# Wood magazine chamfer plane



## Simons44 (Jan 9, 2009)

I would like to build the chamfer plane featured in woo magazine #162 from April/May 2005. The article points to a source that no longer sells the plane blade. Does anyone have recommendations on where to purchase the blade? The blade size is: 1/16 thick, 1×1 7/8"

I googled it but haven't had any luck finding one.

thanks,
Jeremy


----------



## KayBee (Jul 6, 2009)

Here's one for you to consider. Look at the replacement blade, pretty reasonable cost too.

www.leevalley.com/US/wood/page.aspx?p=41197&cat=1,41182


----------



## WayneC (Mar 8, 2007)

The one Karen suggested looks good. Is the 1" dimension width?

Perhaps one of the clearance blades from woodcraft. I did not see any measurements on the woodcraft site.

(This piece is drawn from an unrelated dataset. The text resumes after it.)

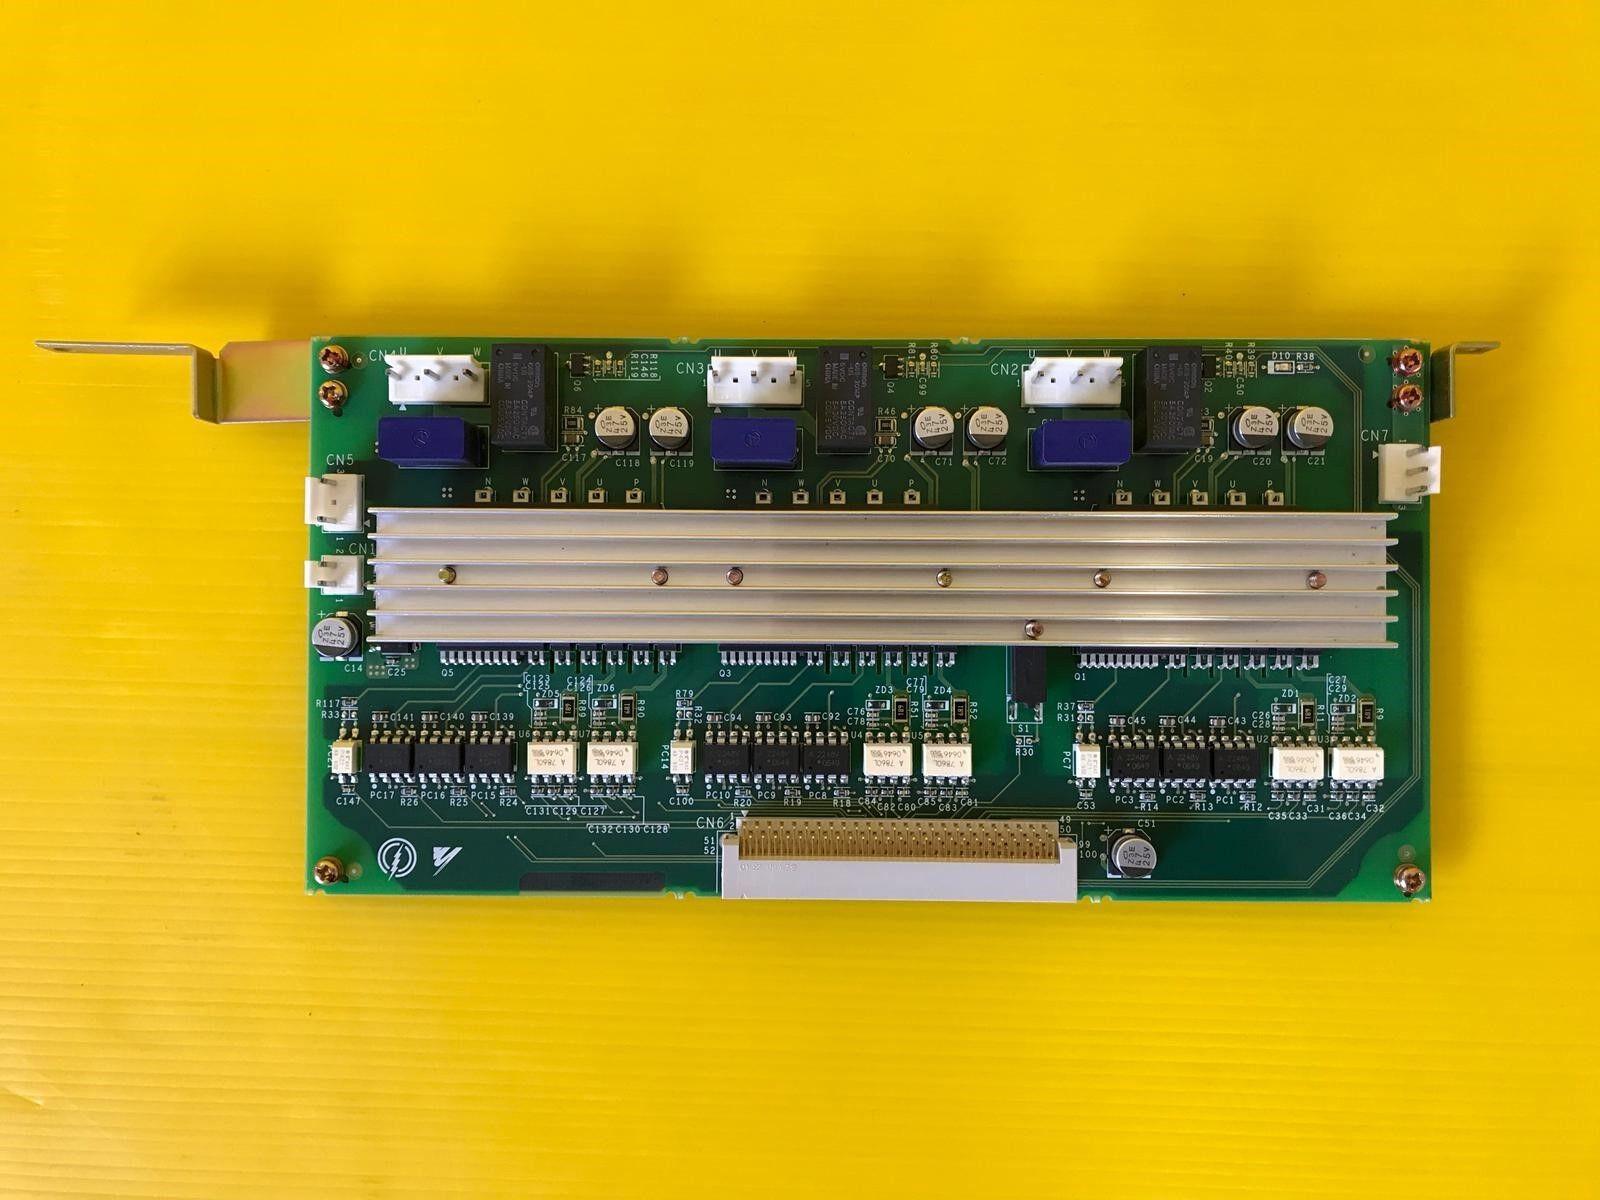 YASKAWA ELECTRIC F352085-1 SGDR-SDCCA01 Robot Controller Card

http://www.woodcraft.com/Product/2080170/26542/Pinnacle--Replacement-Plane-Blades-for-Veritas-Chair-Makers-Scraper-Straight-Blade-HCS.aspx


----------



## Simons44 (Jan 9, 2009)

Thank you Kay and Wayne


----------



## SCOTSMAN (Aug 1, 2008)

You could mille one from hss steel *high speed steel* or an old chisel or another plane blade could be perhaps milled if you had a milling machine. Alistair


----------



## Loren (May 30, 2008)

Or you could just modify the plane to fit whatever iron you can
get easily. That's what I'd do. I've made several specialty planes
just sizing the designs to Stanley block plane irons and grinding
the iron to the profile, if necessary.


----------